The info he tracks suggests ISM may strengthen meaningfully this yr, signaling an enhancing development setting. These information, listed beneath, may all contribute to rising confidence and lending exercise.

  • Fiscal stimulus
  • Tax incentives for mounted asset funding
  • Capital expenditure on information facilities and power infrastructure, and
  • Potential mortgage fee aid

If development expectations rise whereas liquidity expands, Bitcoin and different high-beta belongings have traditionally outperformed.

The October 10 Overhang

But regardless of these enhancing situations, Bitcoin has lagged. Pal traces that disconnect to the October 10 liquidation cascade, a structural occasion he believes broken market plumbing.

Not like conventional fairness flash crashes, crypto lacks regulatory safeguards to cancel trades. Throughout the cascade, compelled deleveraging coincided with change API disruptions, quickly eradicating market makers and liquidity suppliers. Costs fell additional than fundamentals justified.

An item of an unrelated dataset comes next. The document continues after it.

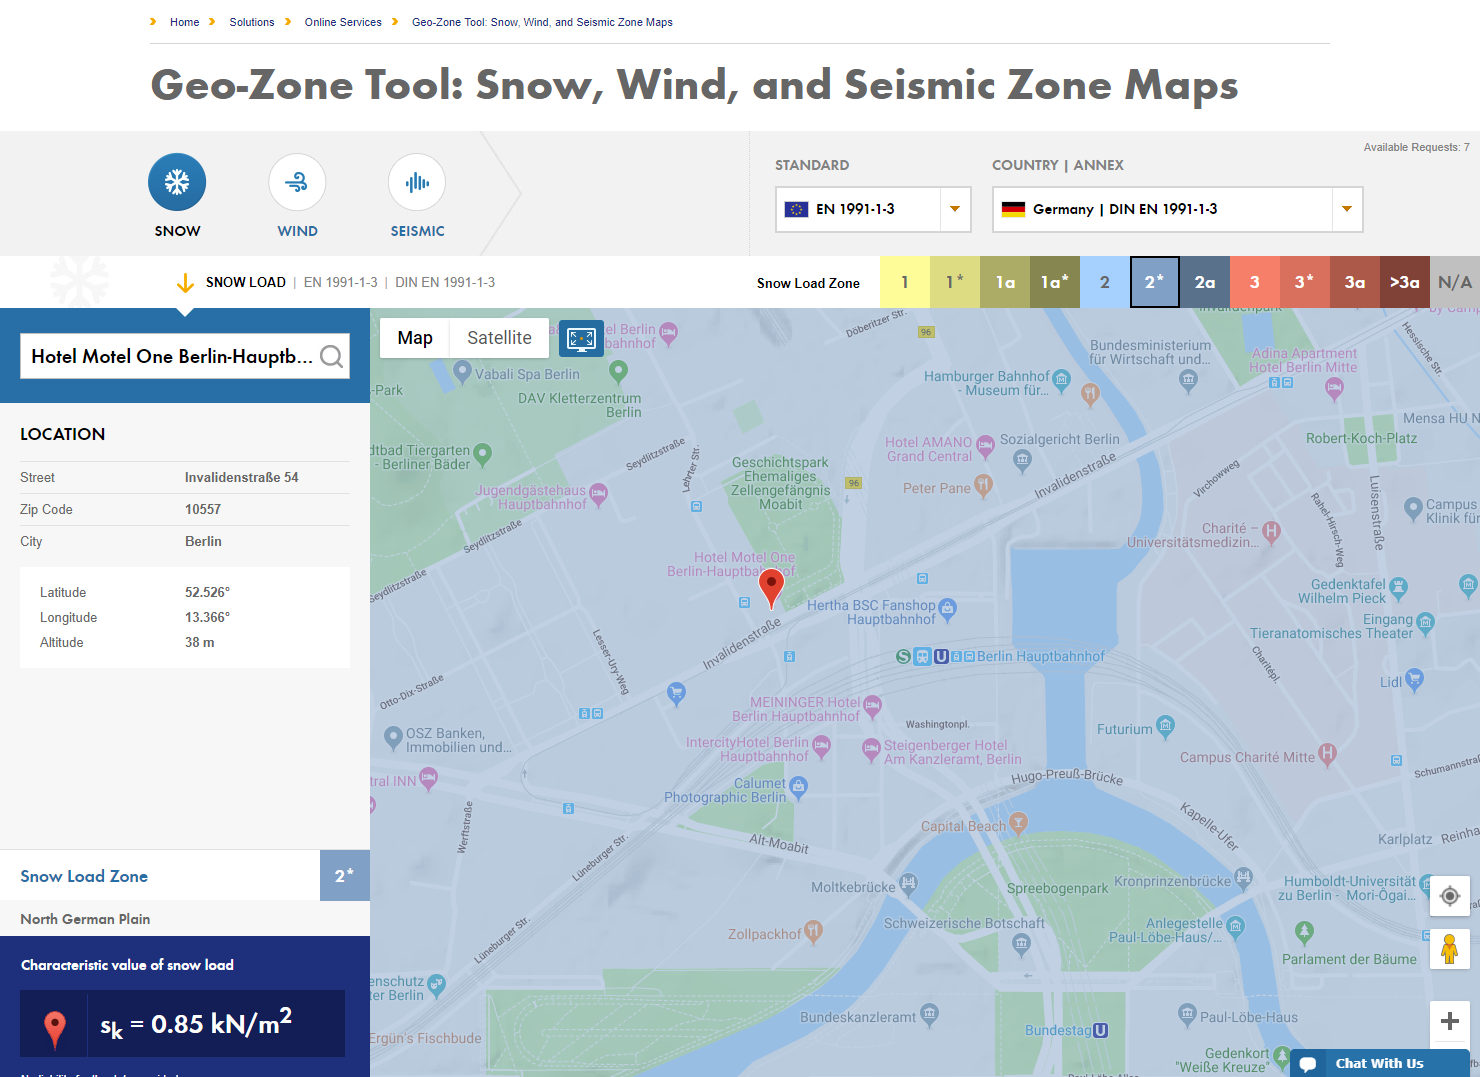 Pesquisa detalhada de localização para determinação da carga de neve característica

Pal speculates that exchanges might have stepped in to soak up compelled promoting, later unwinding positions algorithmically throughout peak liquidity hours.

Mixed with widespread call-selling methods clustered across the $100,000 strike, typically tied to yield merchandise, the consequence was sustained upside suppression.

Nonetheless, he believes that the overhang is now fading.

The “Banana Zone” Setup

Pal refers back to the closing acceleration part of a crypto cycle because the “Banana Zone” —a nonlinear repricing pushed by liquidity, enhancing development, and renewed capital inflows.

Earlier than that part begins, markets usually digest prior volatility and clear structural resistance ranges. The $100,000 zone, he argues, is each psychological and structural. As soon as call-selling strain eases and positioning stays cautious, the setup for an upside shock strengthens.

Liquidity, in Pal’s view, leads worth. By the point consensus turns bullish, the transfer might already be underway.

If world refinancing pressures pressure additional liquidity injections into the system, Bitcoin, which he describes as a “global liquidity sponge,” may reply shortly.

And if the hole between liquidity and worth closes, $140,000 might not be a stretch goal. It might merely be the place the market was at all times headed.